In Aims 1 -3) Dr. Bona will embed a prospective survey study of HMH in a phase III multi-center clinical trial for children with newly diagnosed ALL to identify the association between HMH and rates of early relapse and survival (Aim 1), oral chemotherapy adherence (Aim 2a), chemotherapy delivery (Aim 2b) and patterns of care (Aim 3).
In Aim 4) Dr. Bona will utilize parent and provider interviews to identify targetable elements in the experience of HMH. Together, these data will inform the subsequent development of an HMH intervention for the clinical trial setting. Poverty crosses all risk group stratifications in pediatric ALL; as such, targeting this predictor of outcomes has the potential to impact a significant proportion of children with cancer. This project will facilitate the candidate's training in three areas central her career development and transition to independence: 1) conduct and design of qualitative research; 2) collaboration on multi-center clinical trials; and 3) understanding the social and biological pathways underlying health inequities. Dr. Bona is pediatric oncologist and outcomes researcher in the richly supportive research setting of the Dana-Farber Cancer Institute (DFCI), an environment ideally suited to the successful conduct of this study. Dr. Bona's research and career development are supported by highly qualified and deeply committed mentors: Dr. Joanne Wolfe, a leader in pediatric palliative care investigation, and Dr. Smita Bhatia a leader in pediatric oncology outcomes research. A dynamic team of advisors with multi-disciplinary expertise in pediatric leukemia, outcomes, disparities, palliative care and psychosocial oncology will oversee the successful conduct of this proposal. Leveraging the research infrastructure of DFCI, the expertise of her mentorship team, and the proposed career development goals Dr. Bona will be well positioned to successfully complete the proposed aims, compete for future R01 funding to support an intervention trial and transition to a career as an independent physician investigator dedicated to reducing health disparities in childhood cancer.

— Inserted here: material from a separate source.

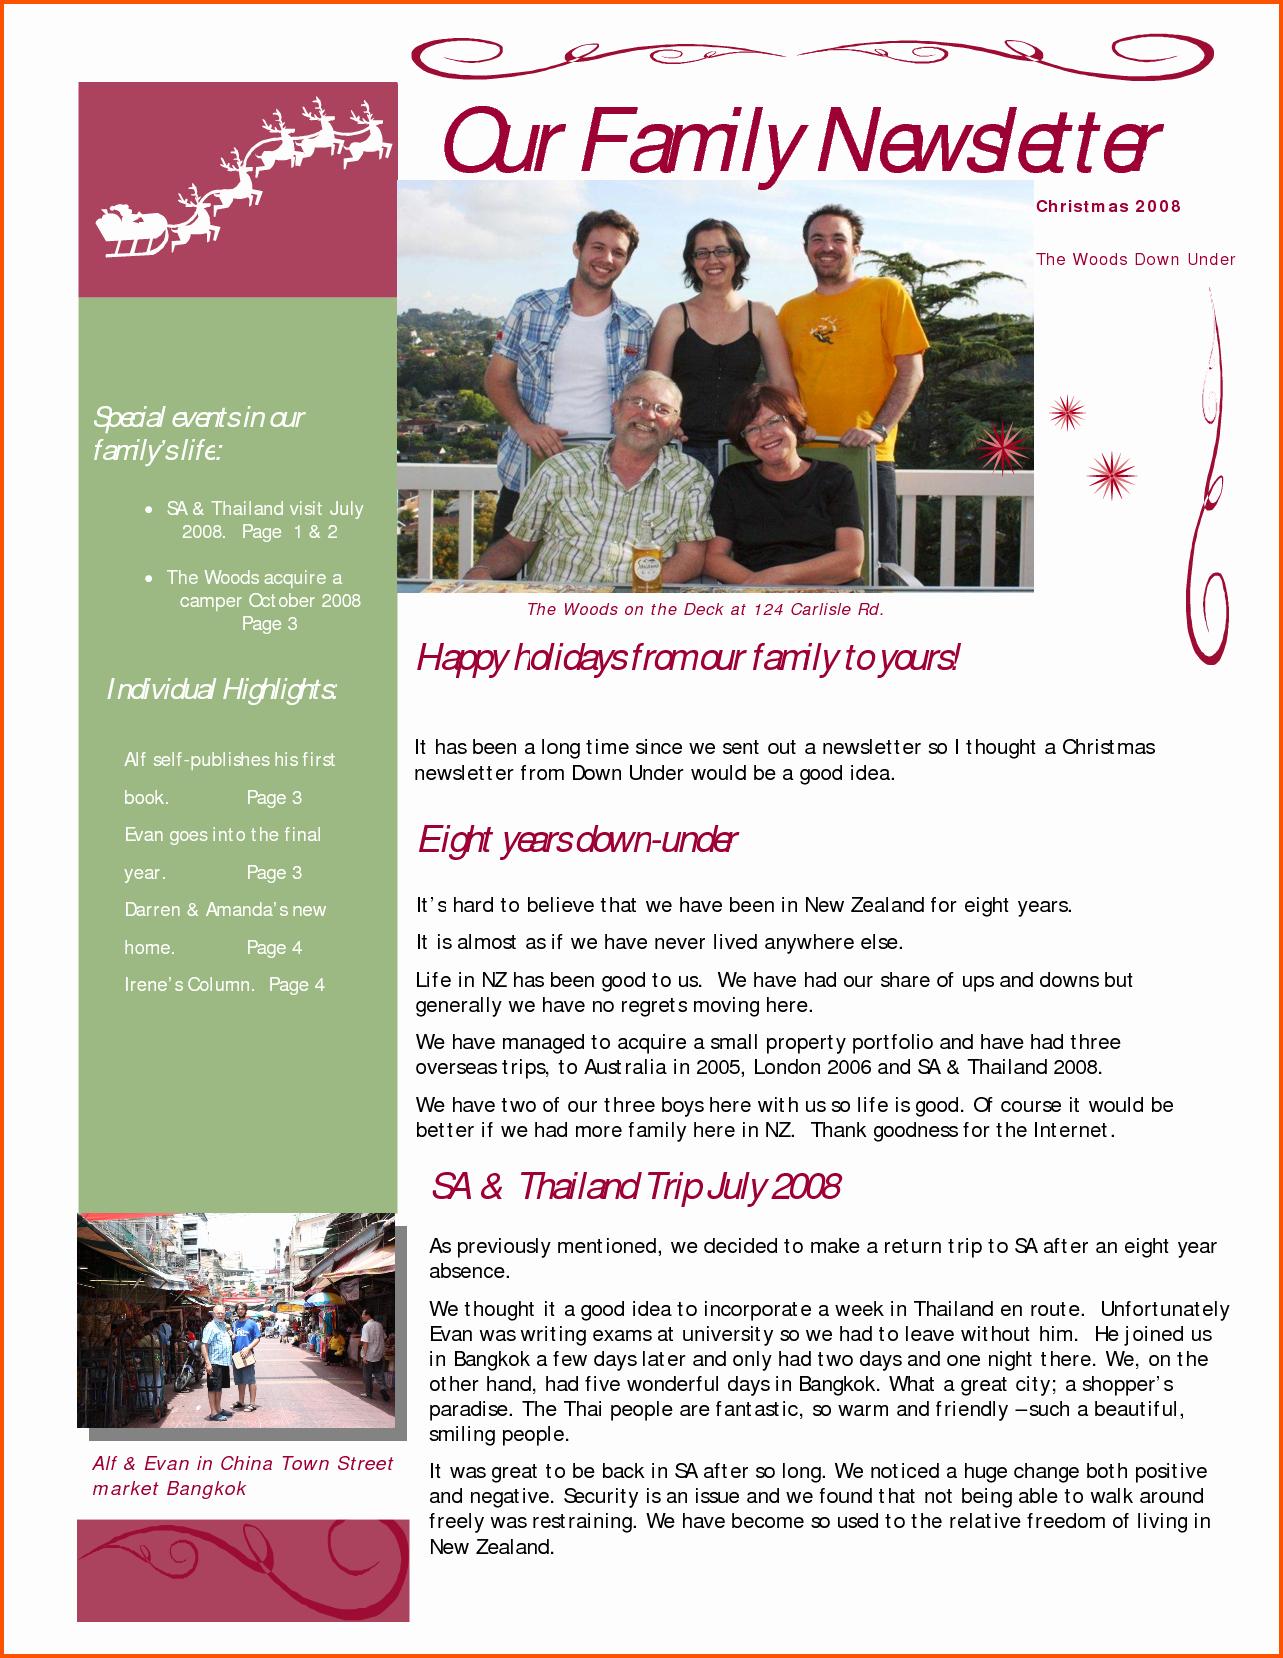 Christmas Family Newsletter Template Free Inspirational Family Newsletter Templates Free

Despite highly standardized care, poor children in the United States are more likely to die of their leukemia than wealthier children, yet no systematic efforts to address poverty's impact on outcome exists in pediatric cancer care. We will utilize a multi-center clinical trial for children with acute lymphoblastic leukemia to evaluate whether household material hardship (HMH) ? a concrete measure of poverty which can be fixed with intervention including food, housing, or energy insecurity?is associated with relapse or survival. Using data from the clinical trial and interviews with families who have experienced HMH we will identify mechanisms linking poverty and outcomes to inform the future development of a poverty-targeted intervention.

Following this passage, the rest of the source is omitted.